# Venezuelan Suntiger (Psalmopoeus irminia)?



## _simon_ (Nov 27, 2007)

Has anyone got one and if so could you share your experiences? I've ordered a sling that should be arriving on Thursday


----------



## selina20 (May 28, 2008)

There you go heres a good care sheet!!! Havent kept one but have used these care sheets in the past and they are spot on.


The Spider Diaries - Psalmopoeus irminia Care Sheet


----------



## _simon_ (Nov 27, 2007)

That's very helpful, thanks Selina.


----------



## selina20 (May 28, 2008)

No problem cant wait to get 1 as they are on my wish list :flrt:


----------



## turkish_666 (Mar 30, 2008)

ive got 1 and it scares the crap outta me :lol2: found it on my tv screen this morning after virgin monkeys who fitted the tv stuff on friday moved all my invert vivs about and kinda slid her door open, so try catching a big hairy tele-porting psycho with a nasty bite at 6 in the morning. it hates me it seriously hates me! other than that shes gorgeous and i love her to bits lol


----------



## _spider-mad_ (Aug 13, 2008)

I have one being delivered on Friday, have a care sheet too, 

good luck with it


----------



## Young_Gun (Jan 6, 2007)

Great spiders, virtually bomb proof, so can't see you having a problem at all, they can be very skittish so just give it plenty of time to settle down after transit.


----------



## Leeann_ (Mar 29, 2007)

We have one and she is a beautiful T. She is fast and a little skittish thought :lol2:









Leeann


----------



## martinch (Oct 5, 2014)

they are fast mate i have had a bit of mine and believe me it hurts for about a week to 10 days dont make you feel to good either be carefull they will escape at any given chance


----------



## Sickone (Jul 10, 2013)

These T's don't run, they teleport.
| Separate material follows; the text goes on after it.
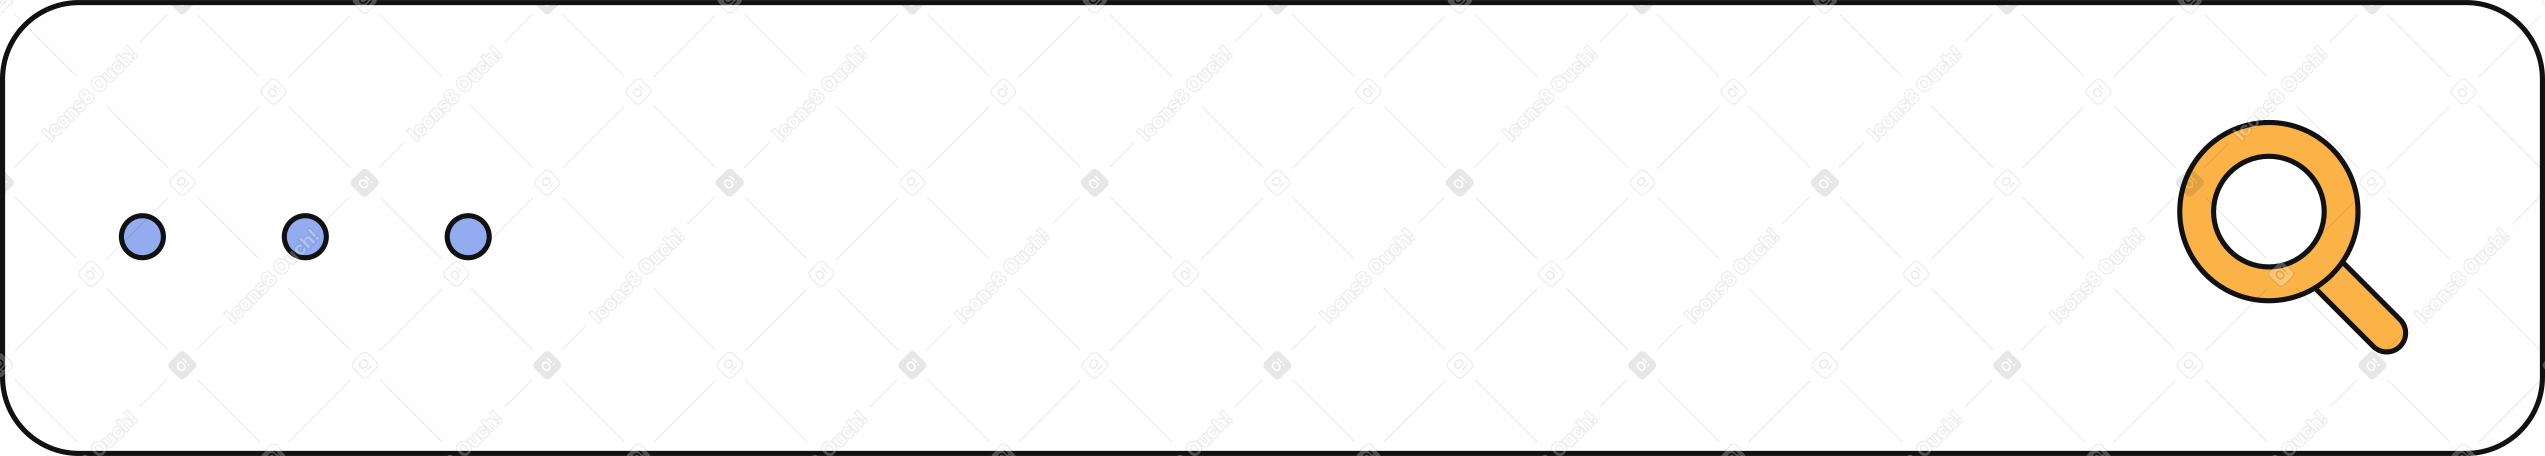 search bar with magnifying glass Illustration in PNG, SVG

My old one used to move in ways I cant explain.


----------



## martinch (Oct 5, 2014)

Sickone said:


> These T's don't run, they teleport. My old one used to move in ways I cant explain.


te

lol yeah i understand i just got a thialand black if you want one evil spider and very very fast try that one if it gets one you it runs up your arm band bits in several places on the way up they are like lightning


----------



## martinch (Oct 5, 2014)

*hi mate*



_simon_ said:


> Has anyone got one and if so could you share your experiences? I've ordered a sling that should be arriving on Thursday


yes i have one and they are very fast and very defencive and will bit and it hurts but got corbalt blue and that bit me the other day that was so painfull but it just seemed to hang on and kept bitting was painful


----------



## _simon_ (Nov 27, 2007)

Holy thread revival batman! Posted - 25-08-2008, 01:11 PM


----------



## fazzer (Jul 19, 2009)

*Spider bites*

Martinch , sounds like you have been tagged by every spider you own , may I ask what you are doing with them ? And have you any ideas as to where you might be going wrong ? Or do you like being attacked by Tarantulas ? I've kept T's all my adult life including all the species that you have been bitten by , and I honestly can not recall the last time I was tagged by a T . All the best Chris


----------